Dr. Caiming Xiong stands at the forefront of enterprise artificial intelligence worldwide. A world-class computer scientist and strategic executive, Dr. Xiong is widely celebrated for his unique ability to bridge the gap between abstract, foundational AI research and high-impact, commercial software products. Under his technical stewardship, Salesforce AI Research has evolved from an elite incubation lab into the primary engine powering the intelligence layer of the world’s leading CRM system. By converting bleeding-edge deep learning concepts into production-ready enterprise tools—spanning Large Language Models (LLMs), multimodal systems, and autonomous agentic workflows—Dr. Xiong is actively redefining how global businesses deploy AI to automate complex processes and elevate customer experiences.

8 min read·June 19, 2026

Most recently, Dr. Caiming Xiong co-founded Recursive AI alongside Richard Socher, an elite frontier research laboratory built around a singular, ambitious hypothesis: automating the scientific process of AI research itself. Backed by Google Ventures, Greycroft, Nvidia, and AMD, the company has raised over $650 million. It is moving away from hand-designed optimization by human engineers toward an open-ended architecture that teaches AI to rewrite its own codebase continuously. His applied research at Salesforce laid the groundwork for Agentforce and the xLAM (Large Action Model) framework systems designed for independent reasoning, long-context planning, and workflow execution in complex B2B pipelines.

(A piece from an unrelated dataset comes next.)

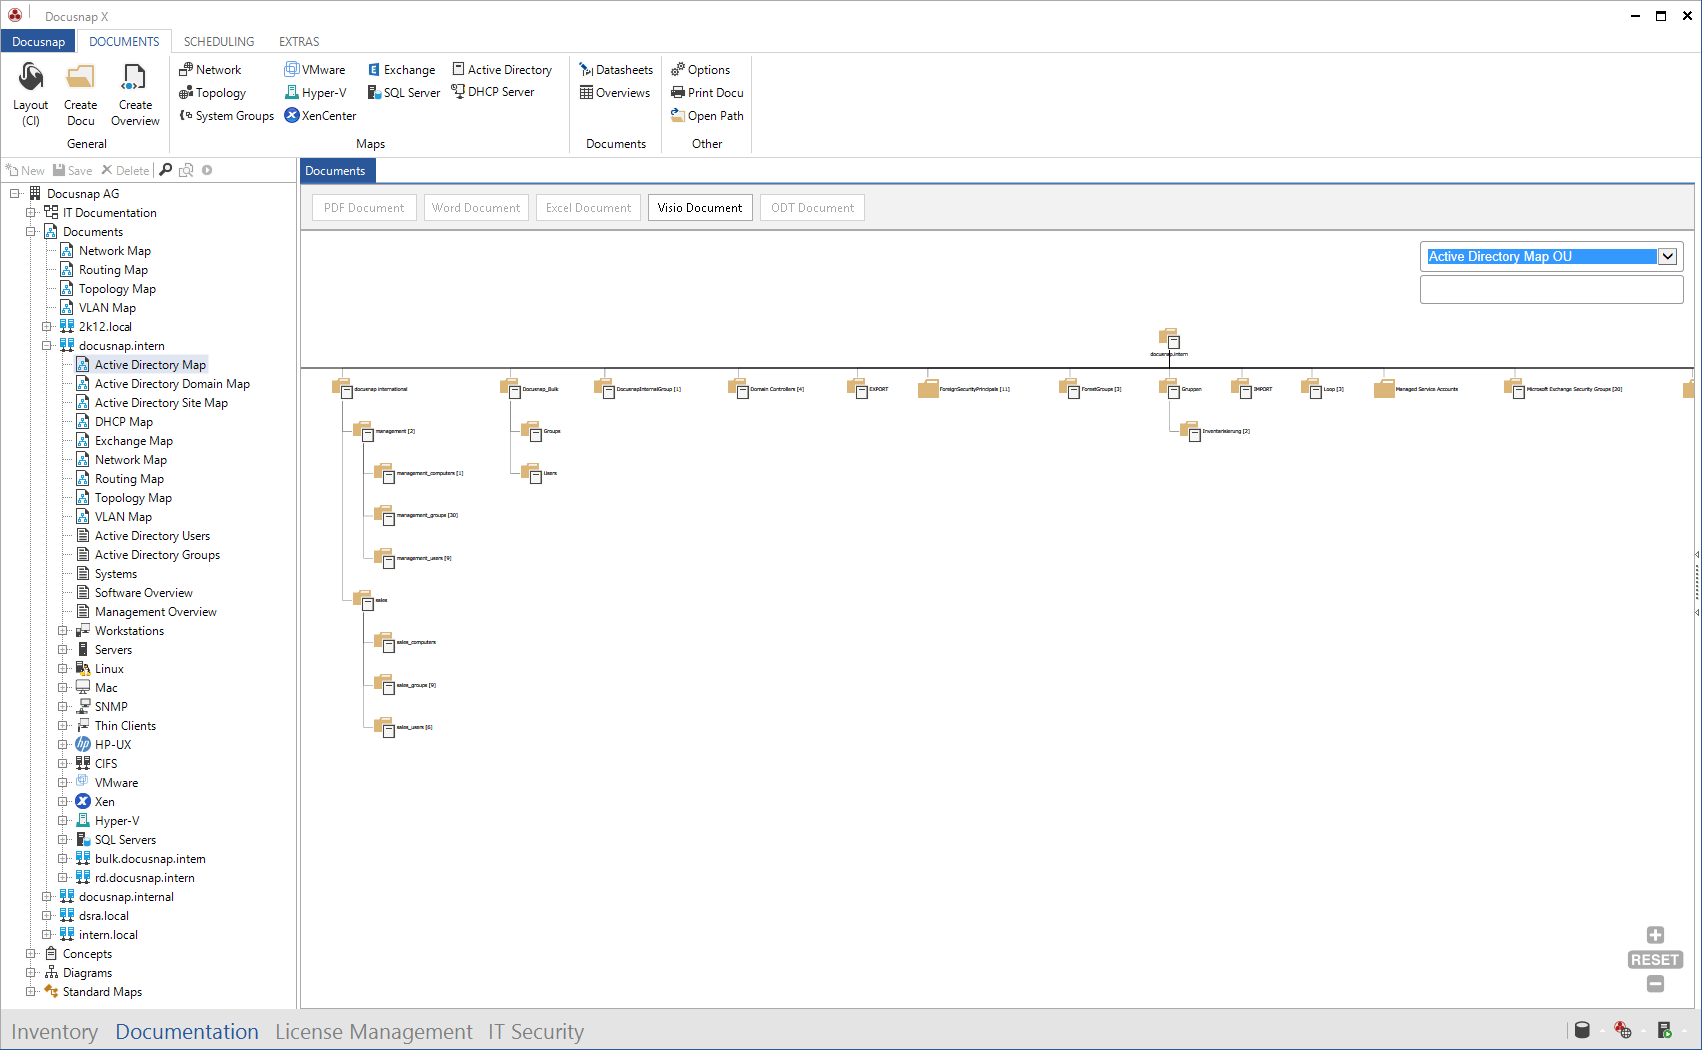 Screenshot: Active Directory Map OU

"The model is not the product. The model trained as an integral part of the harness is the product. That is the design principle the industry needs to internalize, and healthcare will learn it first, because the cost of getting it wrong is not a degraded user experience. It is a missed diagnosis, a denied claim, or a compliance violation."Dr. Caiming Xiong [suggested quote pending Dr. Xiong's approval]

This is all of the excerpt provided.